というか、それを新しい考え方だと思っている時点でやばいなと思った。

「金銭的に考えて子どもは産まない」
「この先日本社会で生きていく子どもが可哀そうだから産まない」

とかシンプルに、世間とか社会的なベクトルでしか、この問いに向き合ったことがなかった。

「そもそも生物として人は、子どもを産み、種を残していく生き物である」

その生物としてのベクトルから考えれば、子どもを産むことって、ものすごく自然で、私たちが毎日ごはんをたべて、夜眠るくらいシンプルにあたりまえのことなのだ。

その「人として、どうやって生きていくか」の観点が抜け落ちた状態で答えを出していたことは、ものすごく危険だし、やばいと思ったし、考え直さなきゃと私は思った。
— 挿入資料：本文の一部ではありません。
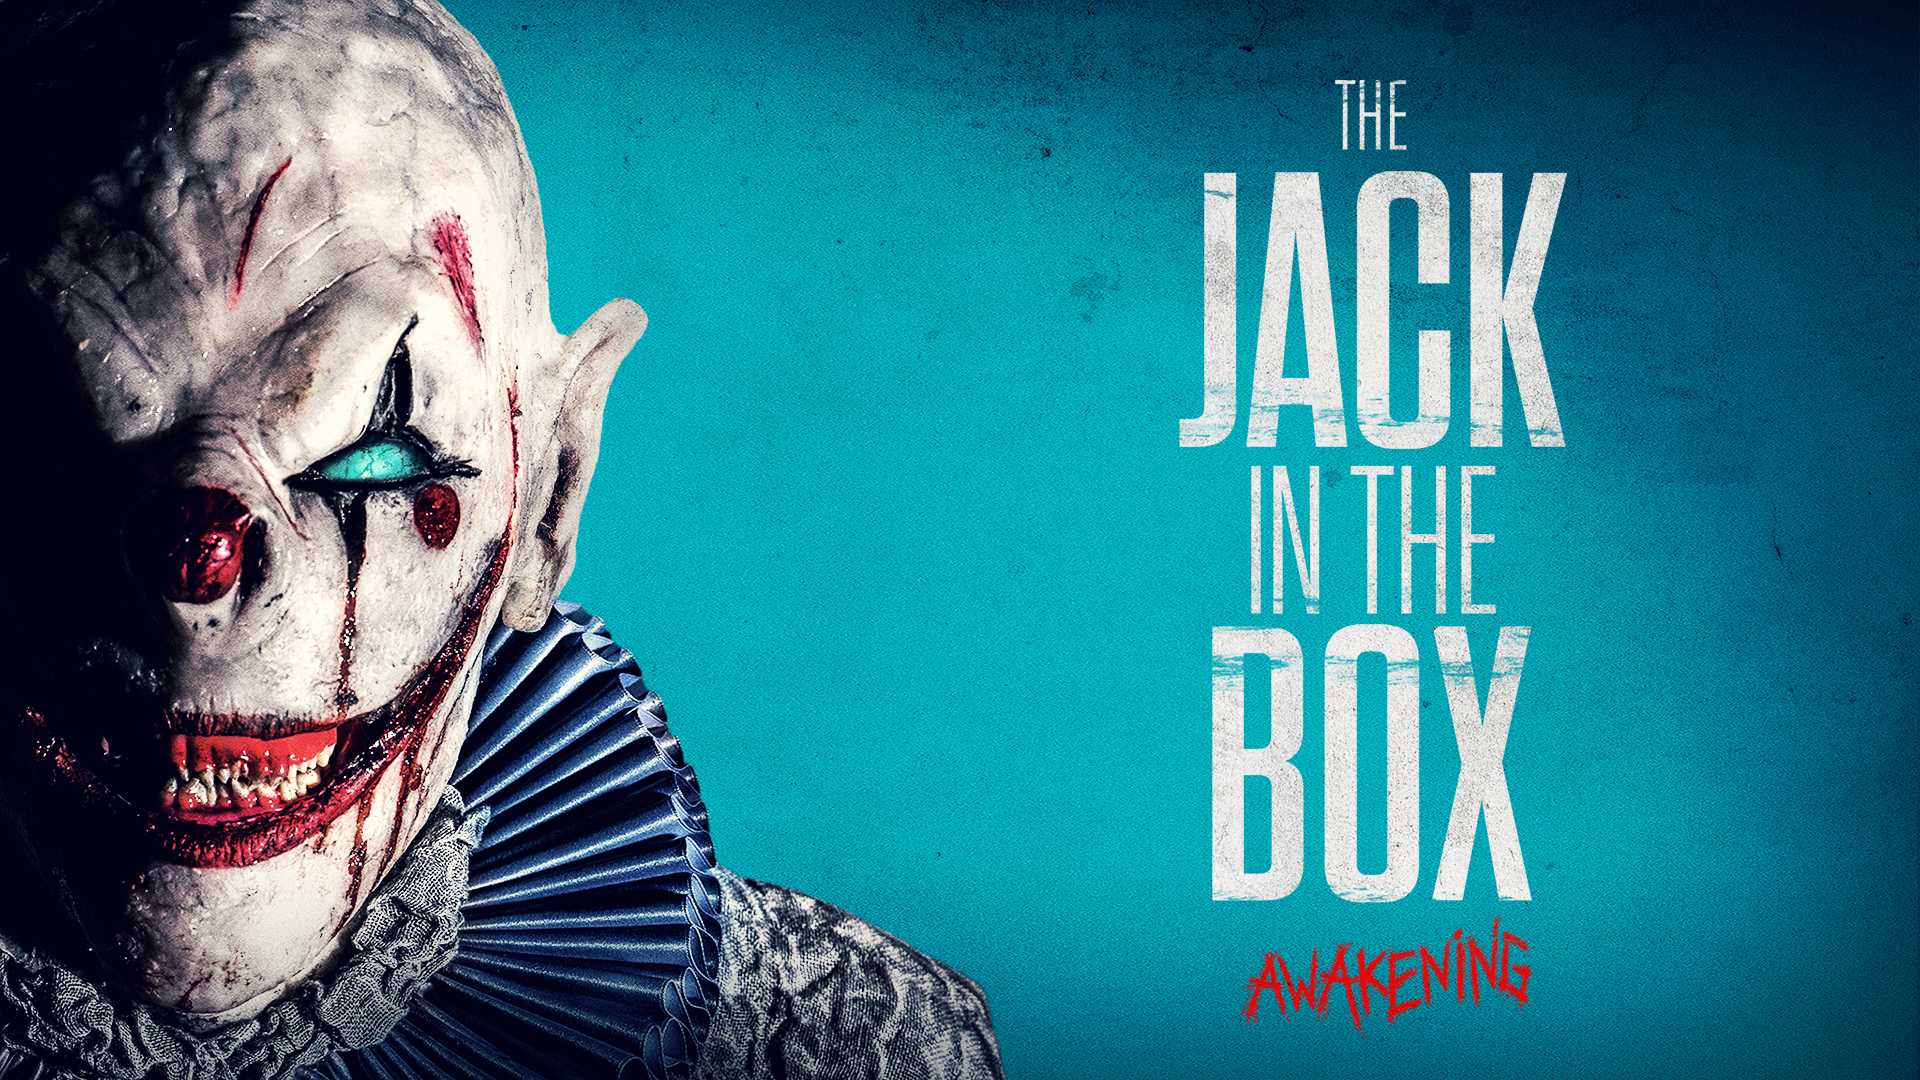 Ma Hề Trong Hộp 2 Thức Tỉnh - The Jack in the Box: Awakening

正直、こんな私が少数派であることを願いたい。

「子どもを産む or 産まない」

明確に出ていた答えが揺らいだ。
その新しい発想が出てきたからといってまだ、私は完全に「産みたい派」に切り替わったわけでもない。

けれど

いずれこの先、この問いについて考えるときに、安易にその時点での経済的な状況とか、社会の背景とか、そういった目先の一部始終に惑わされずに、「人として本来どう生きていたいのか」という観点を忘れずに、考えていきたいと思った最近の出来事だった。